O’Hara has worked closely with Andre on the partnership since 2020 and said he “genuinely cares about diversity, both from a macro perspective and at the individual level.”
“Jude brings a genuine interest in advancing D&I that is most evident to me when we’re talking to and discussing our law student candidates” O’Hara said. “He is very thoughtful in his selections, looking beyond students’ credentials to their life experiences, presentation and legal goals. Once we hire our intern, Jude is very thoughtful about how we can best set them up to succeed in the summer and long-term, whether that’s through pre-summer mentorship, substantive and constant feedback and communication during the summer, or post-summer conversations and advice.”
DEI work aside, HPE’s legal department has also recently been recognized for its pro bono work. In November, the Texas General Counsel Forum honored HPE with its Outstanding Pro Bono Award as part of its annual Magna Stella Awards.
Varma says the legal department is able to excel in both DEI and pro bono because both are valued by the CEO and other top-level executives at the company.
“It’s in the founder’s DNA to be part of the communities in which we work,” Varma told The Texas Lawbook at the time HPE received the award. “From day one it was not only encouraged, but expected. It’s been a bedrock principle of the legal department that everybody should take the time to serve others.

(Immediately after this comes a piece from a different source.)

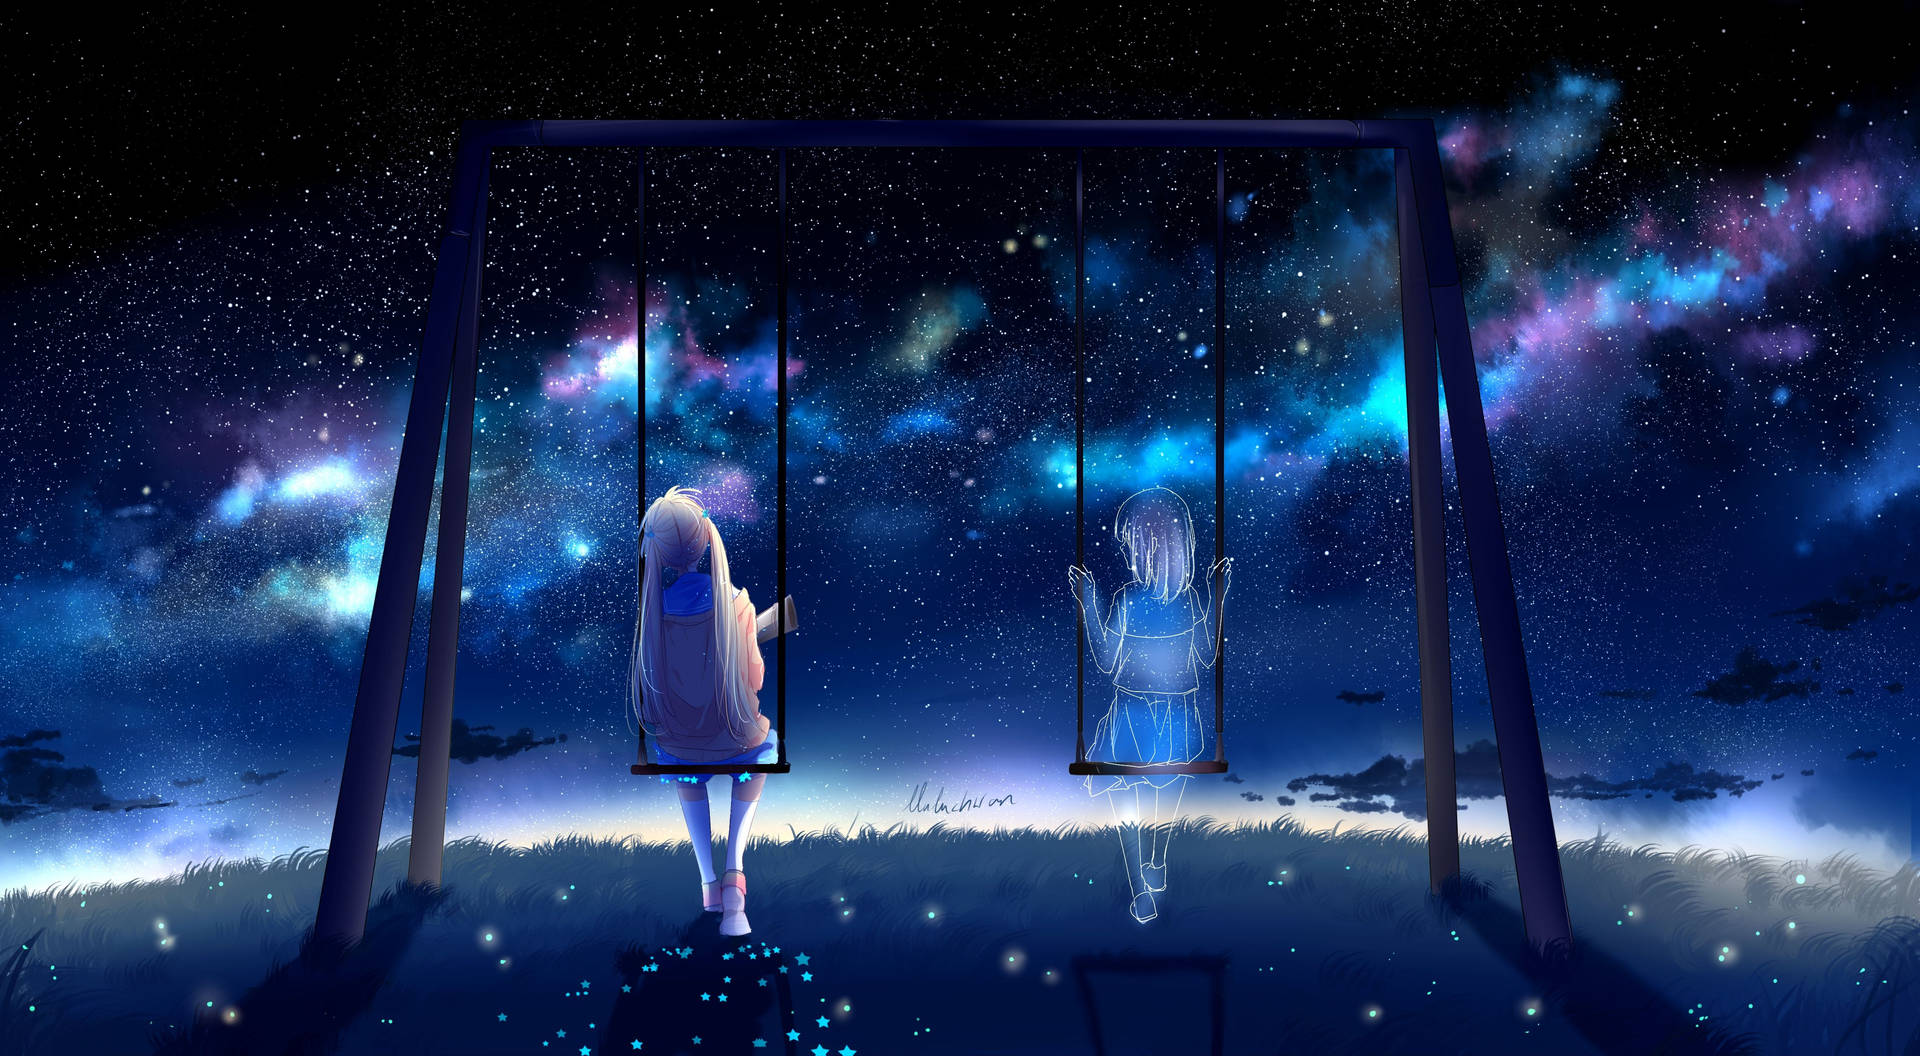 Anime Girl Sad Alone In Swing With Ghost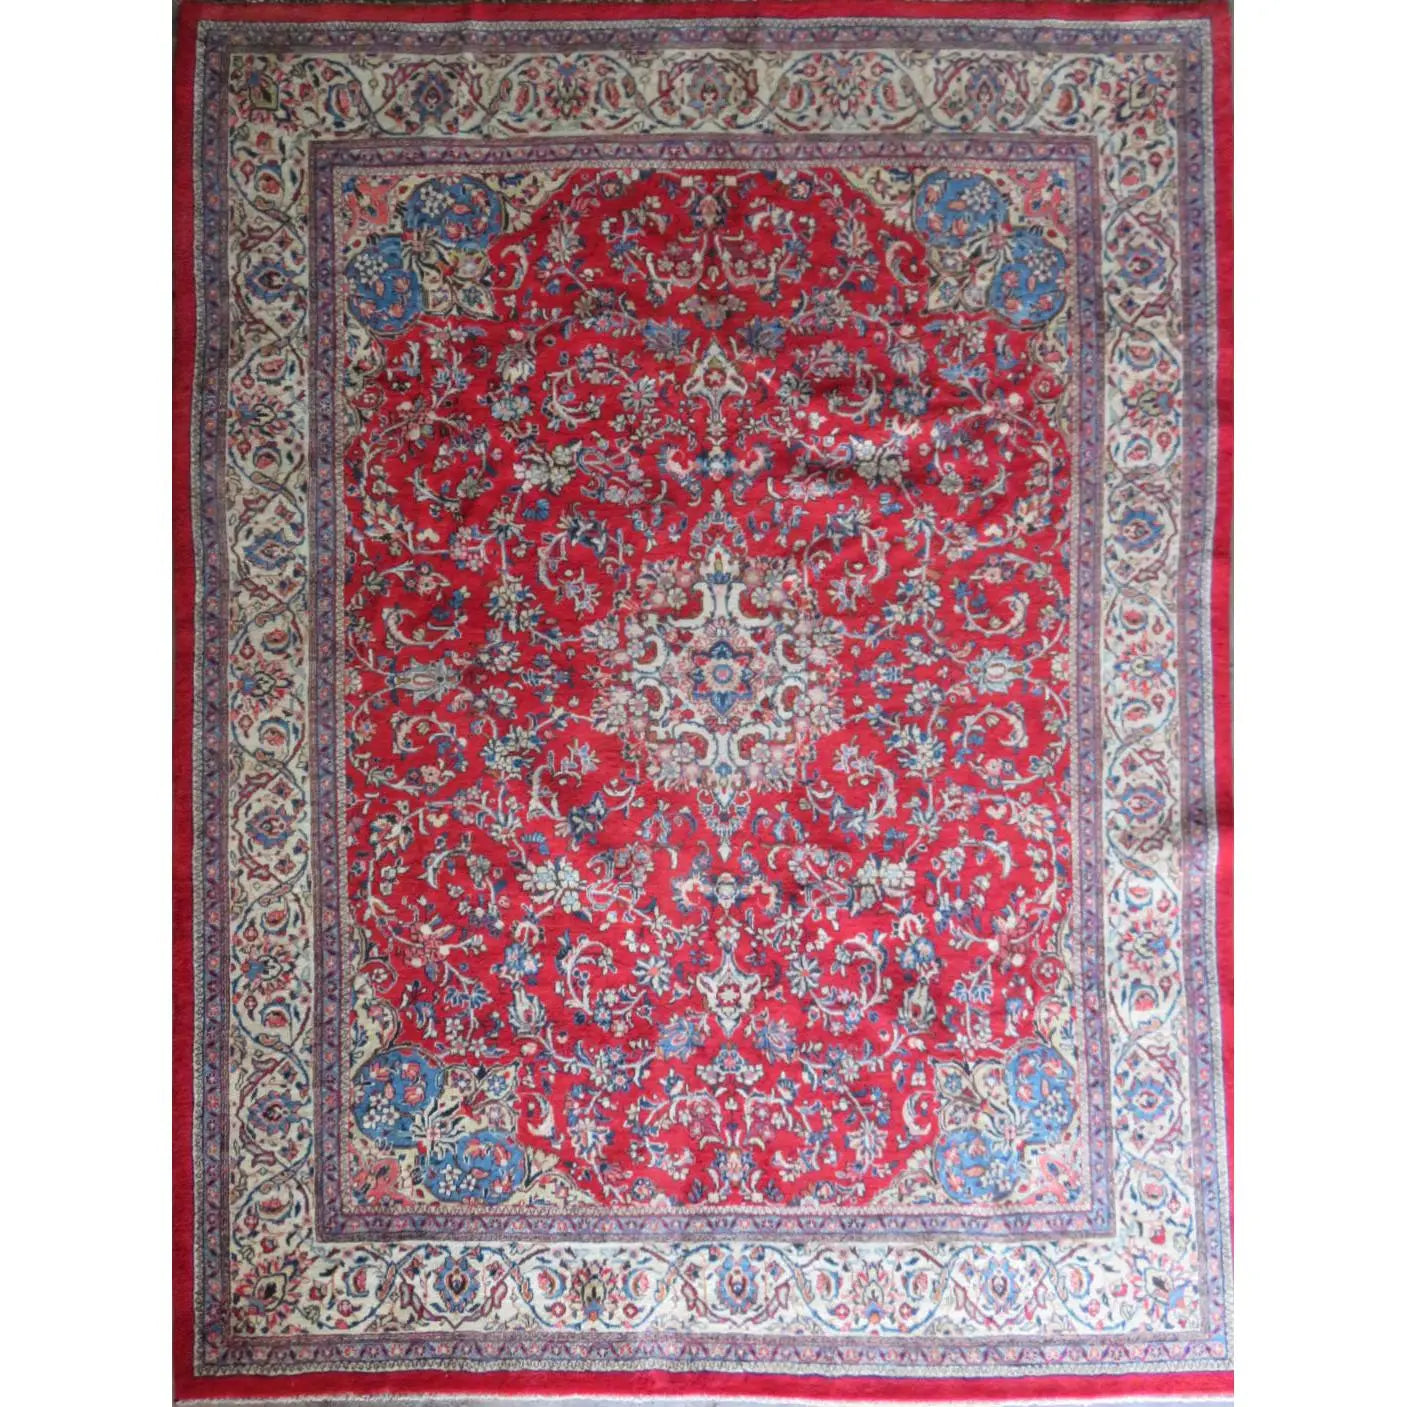 Hand-Knotted Persian Wool Rug – Luxurious Vintage Design, 12'9" x 9'6", Artisan Crafted

That’s the great mindset for pro bono: When it’s expected of you, you treat it as importantly as everything else you’re working on, which [leads to] more frequent participation and ultimately reaps the benefit of being able to do more things for your community.”
In Varma’s free time, he serves on the board of the Tahirih Justice Center, a nonprofit that serves immigrant women fleeing gender-based violence, and also serves on the Scales of Justice steering committee of Equal Justice Works, a nonprofit that brings together an extensive network of law students, lawyers, legal services organizations and supporters to promote a lifelong commitment to public service and equal justice. And for almost 10 years, HPE has sponsored an Equal Justice Works fellow, helping pay the salary of the fellow to conduct a two-year project focusing on serving marginalized and underrepresented communities.
Separately, Varma took on a pro bono case to expunge the record of a peaceful Black Lives Matter protester in Harris County in 2020.
“He really walks the walk,” Quattrocchi said of Varma. “You hear a lot of people talking about these types of individuals … of [paying] lip service to them, but Rishi really pushes the agenda in a way that a lot of GCs don’t.”